Mais sous un autre angle, il ne faut jamais sous-estimer la force de frappe d’un opposant ou résistant qui abandonne tout et s’éloigne avec l’espoir de revenir comme Charles de Gaulle au secours de la France occupée. Parmi les leçons de la seconde guerre mondiale, on retient qu’avant de voler au secours des peuples opprimés, les Occidentaux discutent carte sur table des retombées de l’intervention. Prague et Varsovie en savent quelque chose.

Autrement dit, une guerre n’est jamais celle dont se félicite le petit citoyen. On fait des cadavres un tapis sanglant vers la réalisation des enjeux à cent lieues des aspirations du peuple. Nicolas Machiavel disait: « On ne peut non plus appeler vaillance le fait de tuer ses concitoyens, de trahir ses amis, de ne pas avoir de parole, de pitié et de religion : toutes manières qui peuvent faire acquérir le pouvoir, non la gloire.»

Le Burundi s’achemine vers la fête de l’âge d’Abraham. Disons qu’aux Pays-Bas, quand on célèbre cinquante ans de vie pour un homme, on parle de l’âge d’Abraham. Mwezi Gisabo doit se retourner dans sa tombe car, mise à part la parenthèse coloniale, le Burundi existe depuis bien des siècles. Comme si la célébration du cinquantenaire dans l’effet d’entraînement continental devenait grotesque. Le bilan de ces années d’autonomie politique et économique en Afrique est généralement désastreux : coups d’Etat militaires, cynisme, dictatures, égoïsmes, népotisme, clientélisme, guerres, génocides, tribalisme et sous-développement chronique. On meurt encore de faim et l’eau potable fait cruellement défaut. Les budgets nationaux tendent les mains pour se gonfler de manne étrangère comme de cet amour-propre dont Voltaire disait qu’il s’agit d’un ballon rempli d’air et d’où sortent des tempêtes quand on lui fait des piqûres!

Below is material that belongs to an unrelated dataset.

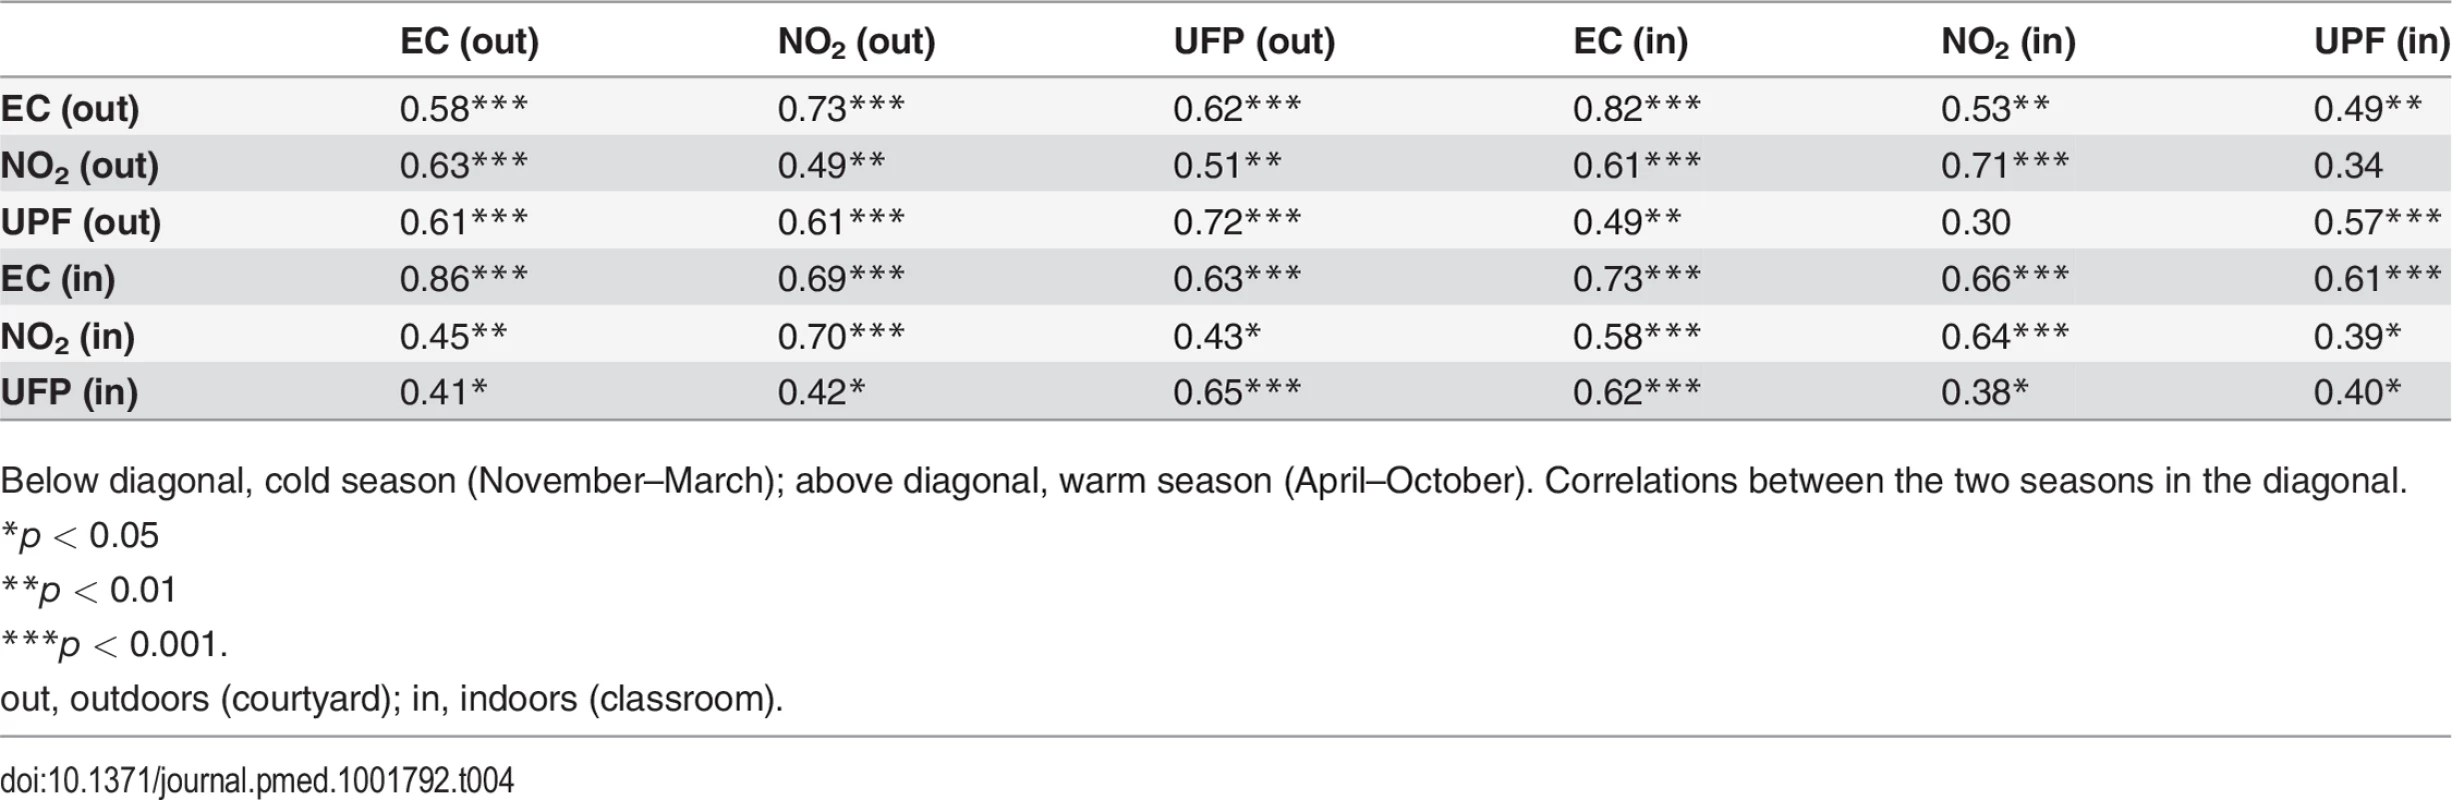 Correlation coefficients (Spearman) between air pollutants by season.

Une année avant le cinquantenaire de l’indépendance du Burundi, on s’y voit déjà. Les citadins de Bujumbura sont depuis peu soulagés par la réparation de deux avenues importantes : celle de la mission et celle de l’amitié. Cette dernière relie le marché central au boulevard de l’UPRONA en longeant les bureaux de la SOCABU et était en état de délabrement très avancé. Bientôt ce cauchemar ne sera qu’un souvenir. Partant, la ville devient de plus en plus belle et c’est tout en l’honneur des autorités. Inutile de signaler que la société japonaise qui va construire l’autoroute qui va partir de la brasserie, passer près du port et relier l’avenue du large au boulevard du 28 novembre est déjà à l’œuvre.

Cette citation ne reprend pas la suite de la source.